Harker had said that the Open Market Committee of the Federal Reserve needed to keep an eye on the shape of the yield curve as the Fed tightened monetary policy. He suggested this might aid the Fed to tighten more slowly, so as not to provoke another US slowdown.
We examined the data for the period 1982 to 2017. We found that Harker was correct. Using a measure of the yield curve as US 10 year bond yields minus 90 day bill yields, we found that variation in the shape of the yield curve had a 100% success rate in predicting US recessions since the early 80's. We found that the yield curve did not have to fall below zero to forecast a recession. It was sufficient for this measure of the yield curve to fall below 0.5%. This level was particularly relevant in the late 1980's and early 1990's. It was at this time that a modest slowdown in the US economy, caused by a crisis in US "savings and loans" (similar to Australian building societies), began a US slowdown which provoked the Australian recession of the early 1990's.

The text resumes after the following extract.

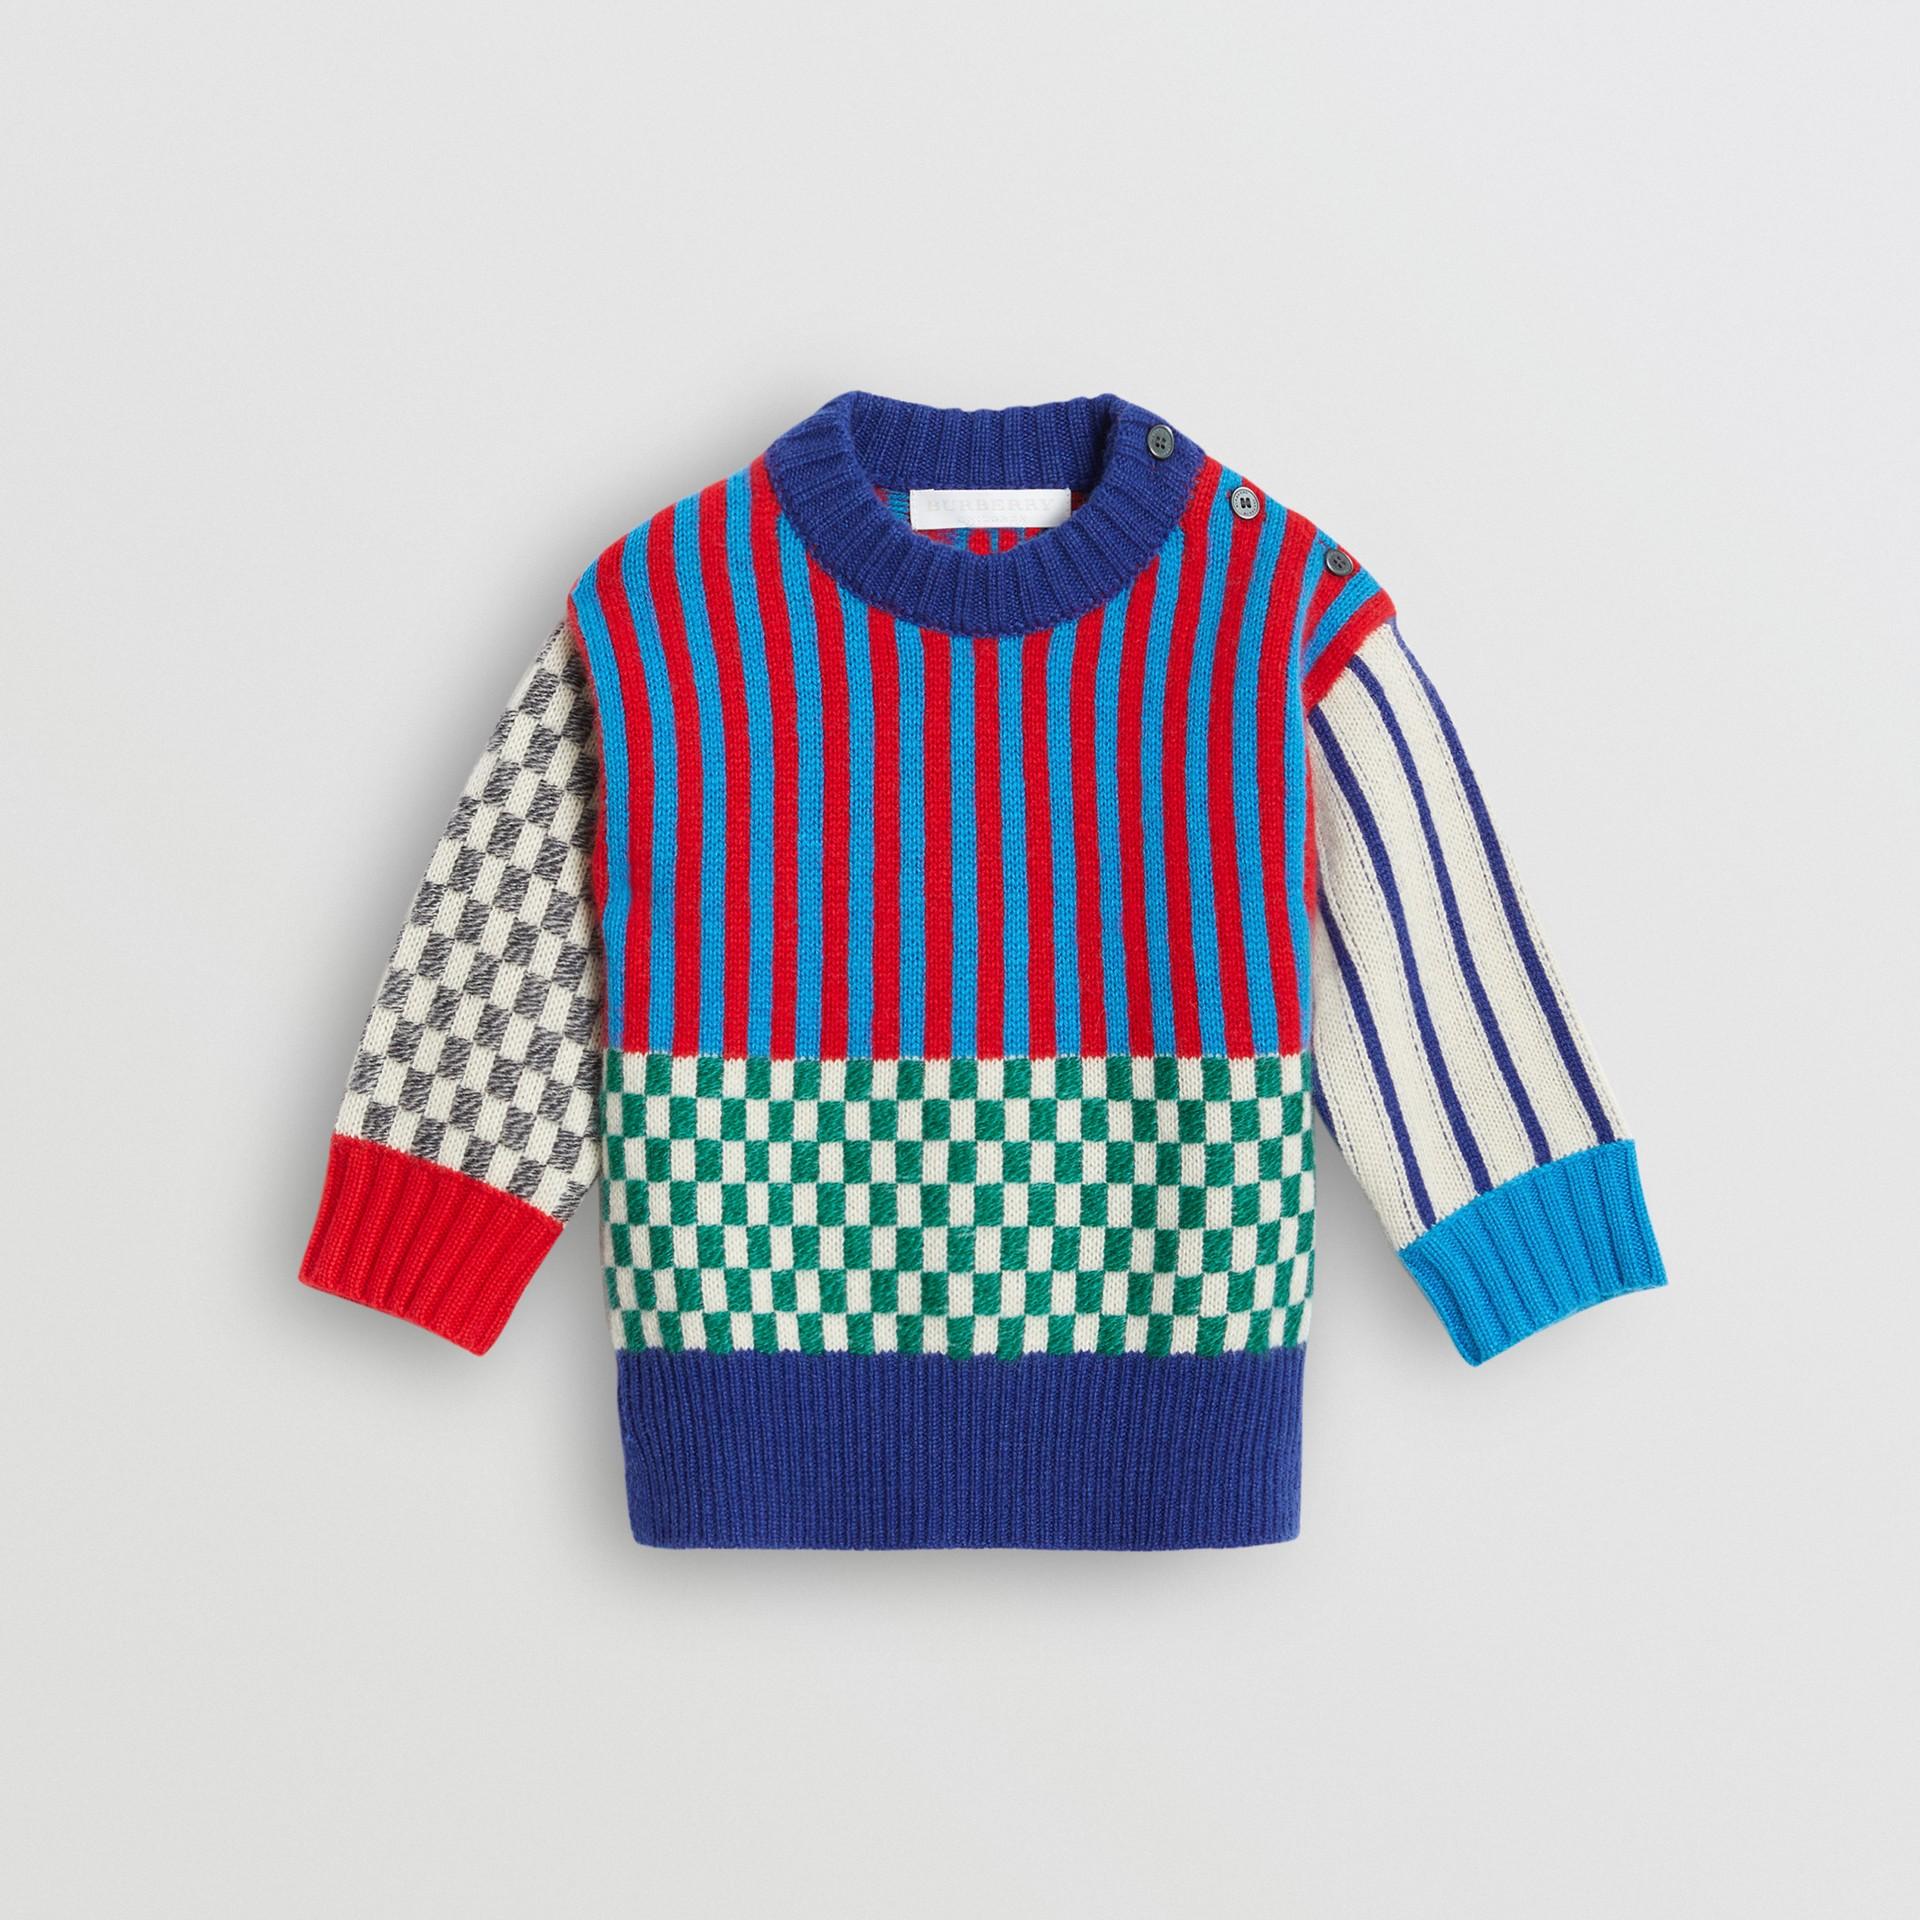 Graphic Cashmere Jacquard Sweater in Multicolour - Children | Burberry United Kingdom - gallery image 0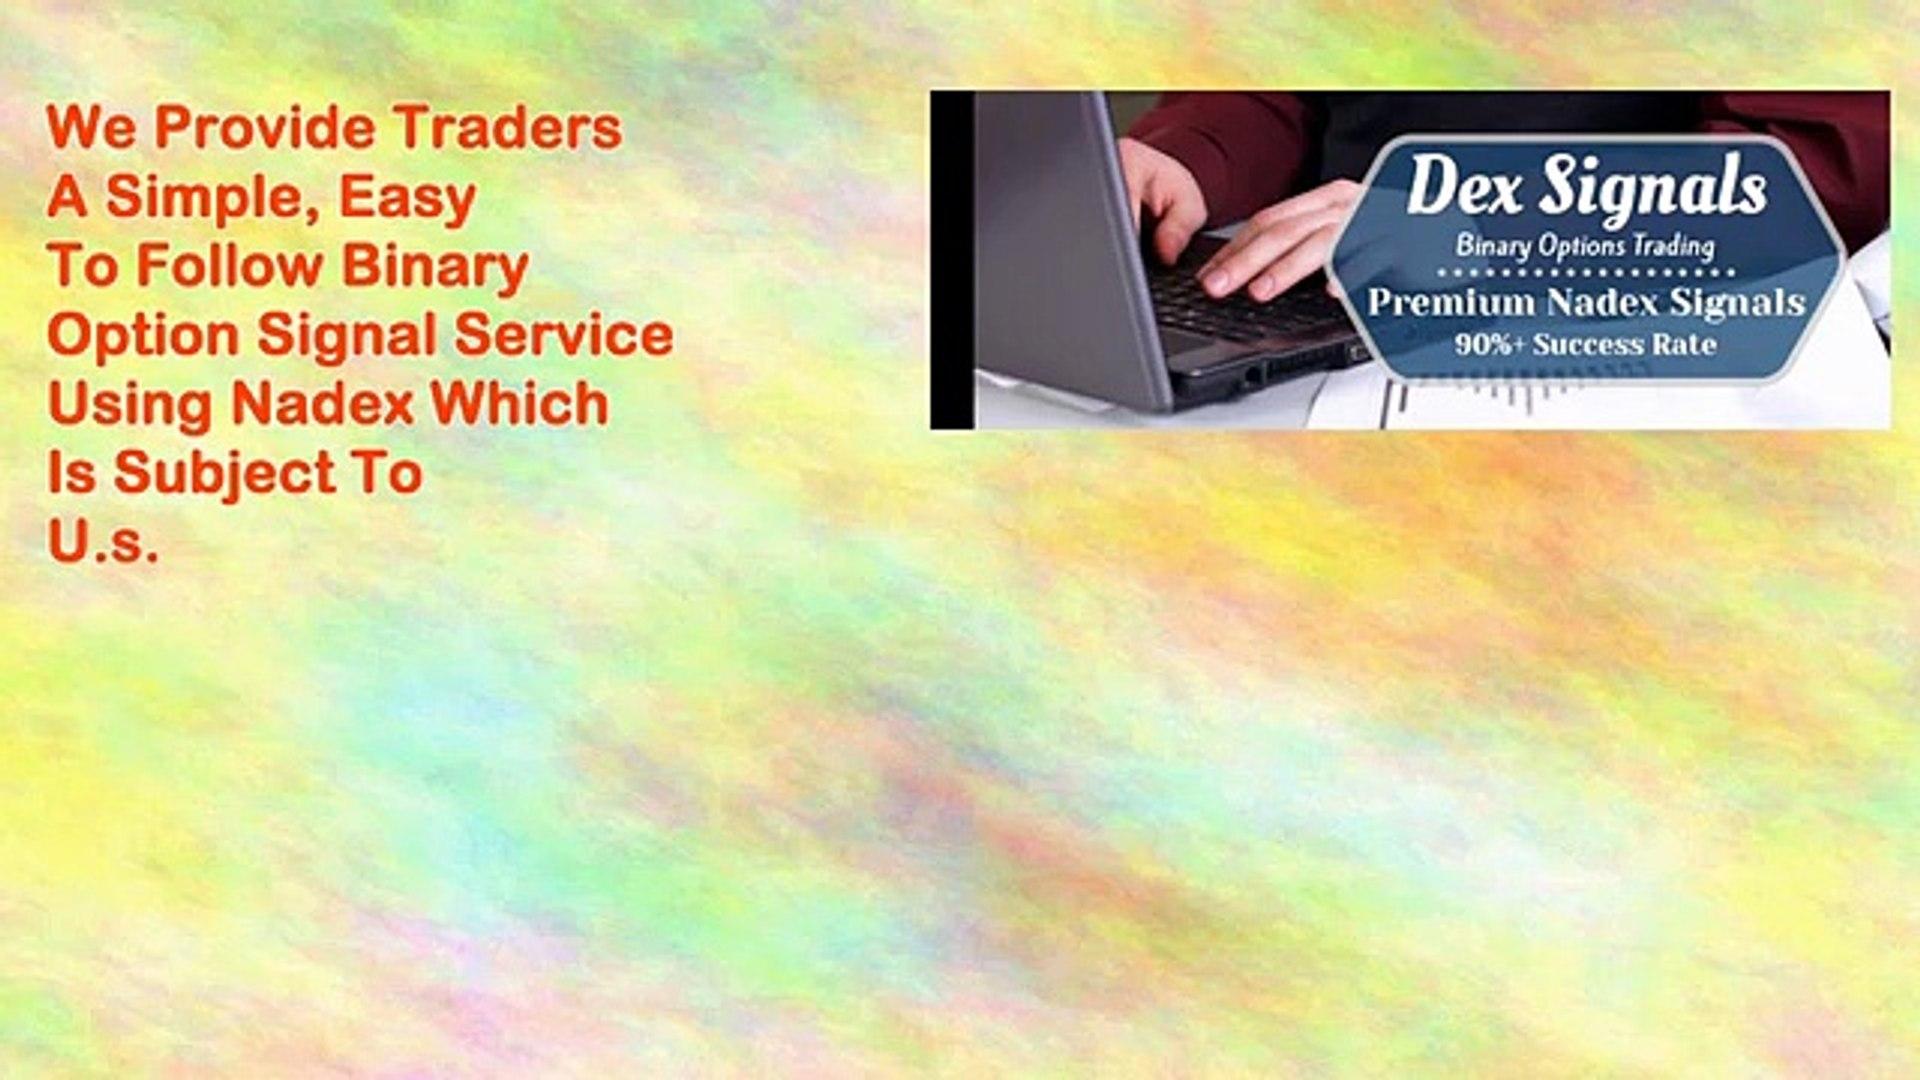 Nadex binary options signals service betting bangarraju dvdripfilms

What was different over the time period was the lag between this inversion in the yield curve and when a US slowdown occurred. In the data before the year 2000, an inversion of the yield curve appeared to lead to a US slowdown after a period of around five quarters. After the year 2000, an inversion in the US yield curve appeared to lead to a US slowdown after a period of around nine quarters.
In January, I went to a presentation by Patrick Harker in Philadelphia. I asked Harker about his comments on the yield curve. He said that the shape of the US yield curve was a very strong indicator of a future US recession. However, he said there was no clear explanation of how this indicator worked.
Is the next US recession in sight?
The Federal Reserve has been tightening for almost two years. How close are we to the yield curve telling us a recession awaits? In Figure 1 above we see the US yield curve for the period from 1982 to 2018. The US yield curve, which peaked at around 3.7% in April 2010, has been tightening progressively since. This tightening began even before the Federal Reserve began to increase the Fed Funds rate.
Since 2016, the Fed rate hikes have been followed by an increase in 10 year bond yields. 10 year bond yields have been losing the race with the Fed Funds rate. This means that the yield curve has been declining. On Monday 18 June, our measure of the yield curve had fallen to 98 basis points. Still, 98 basis points is above our precautionary level of 50 basis points, which signals a future US recession.
The current shape of the US yield curve does not signal a coming US recession. Should the Fed continue to tighten at the current pace, this signal of a forthcoming US recession might be apparent by early next year.